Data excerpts
□ □ □ □ □

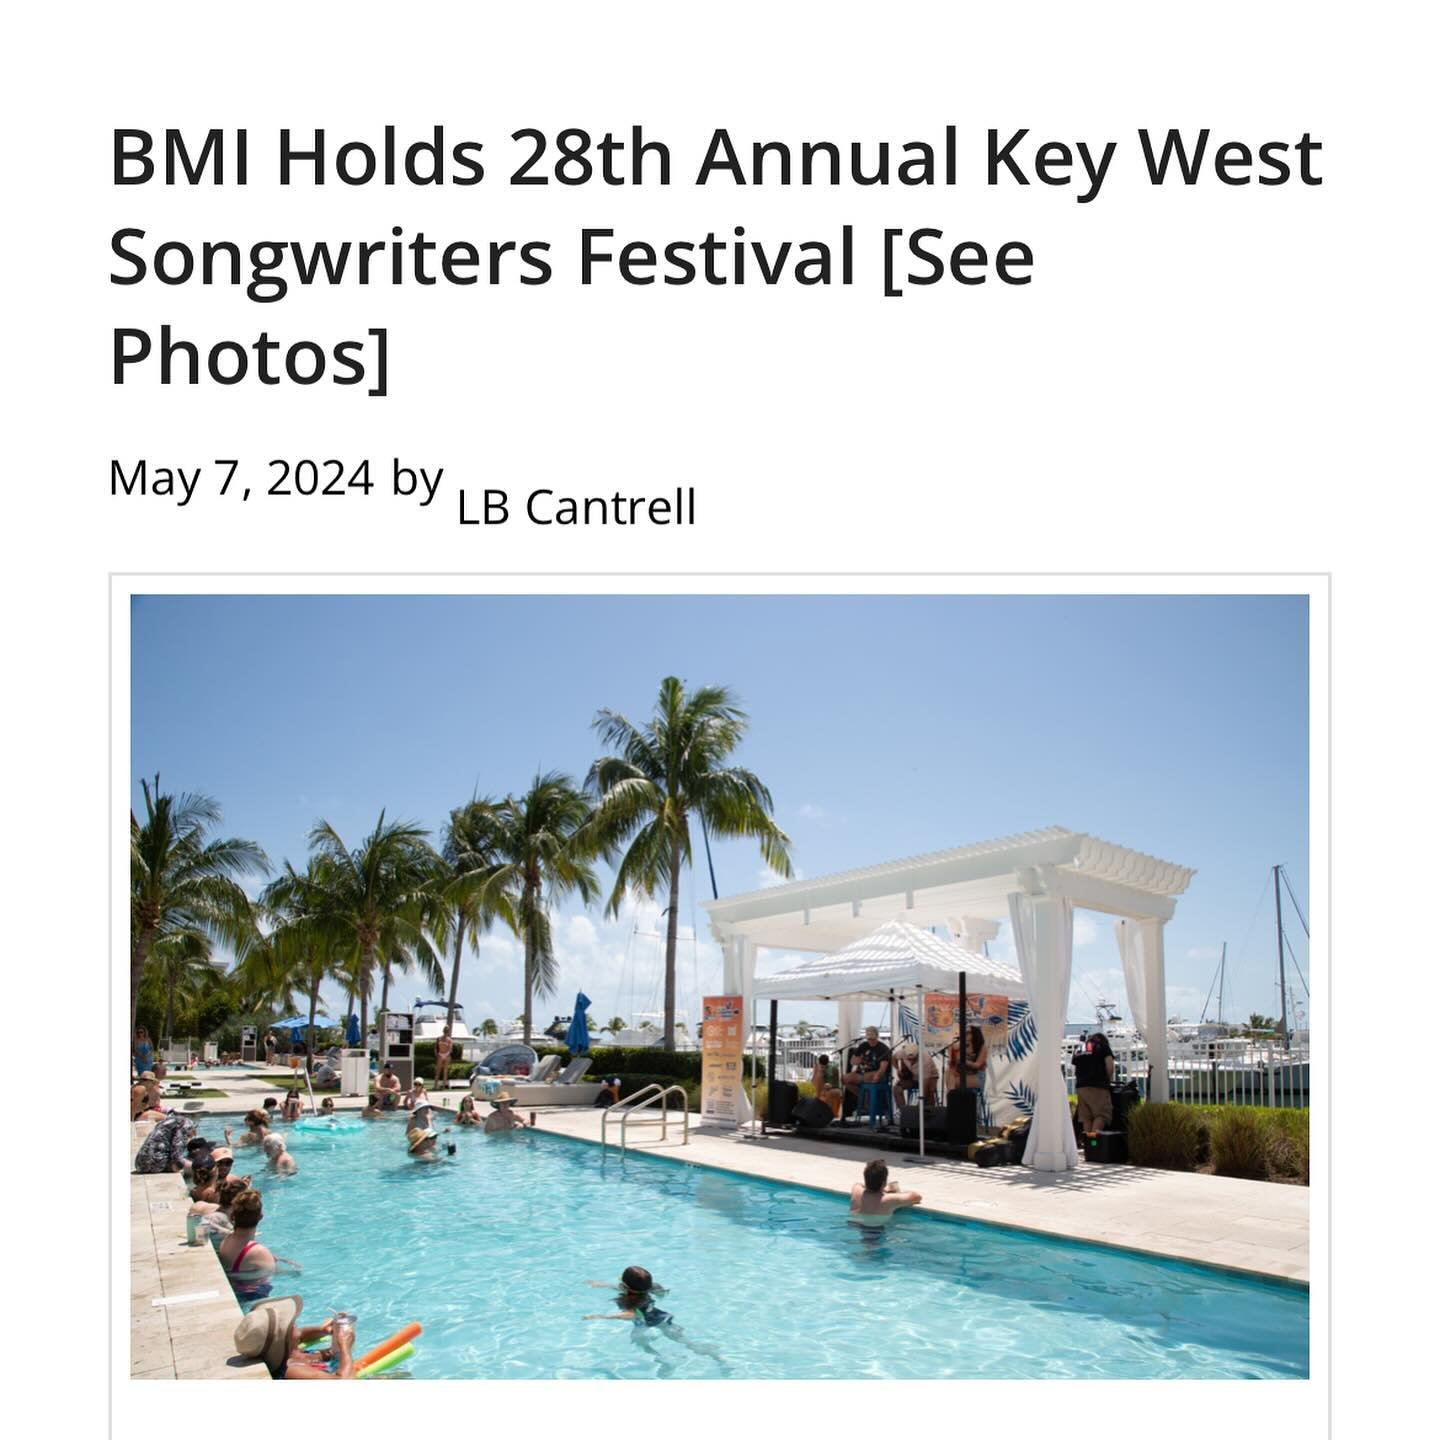 Thanks @musicrowmagazine for the mention and a HUGE thanks to @bmi @keywestsongwritersfestival for letting us be a part of such a great week for country music 🏝️
&bull;
&bull;
&bull;
&bull;
&bull;
&bull;
#countrymusic #bmi #keywest #originalmusic #e

□ □ □ □ □

- Task details: Give the records above again verbatim, pictures omitted.

- Answer for the task:
 Thanks @musicrowmagazine for the mention and a HUGE thanks to @bmi @keywestsongwritersfestival for letting us be a part of such a great week for country music 🏝️
&bull;
&bull;
&bull;
&bull;
&bull;
&bull;
#countrymusic #bmi #keywest #originalmusic #e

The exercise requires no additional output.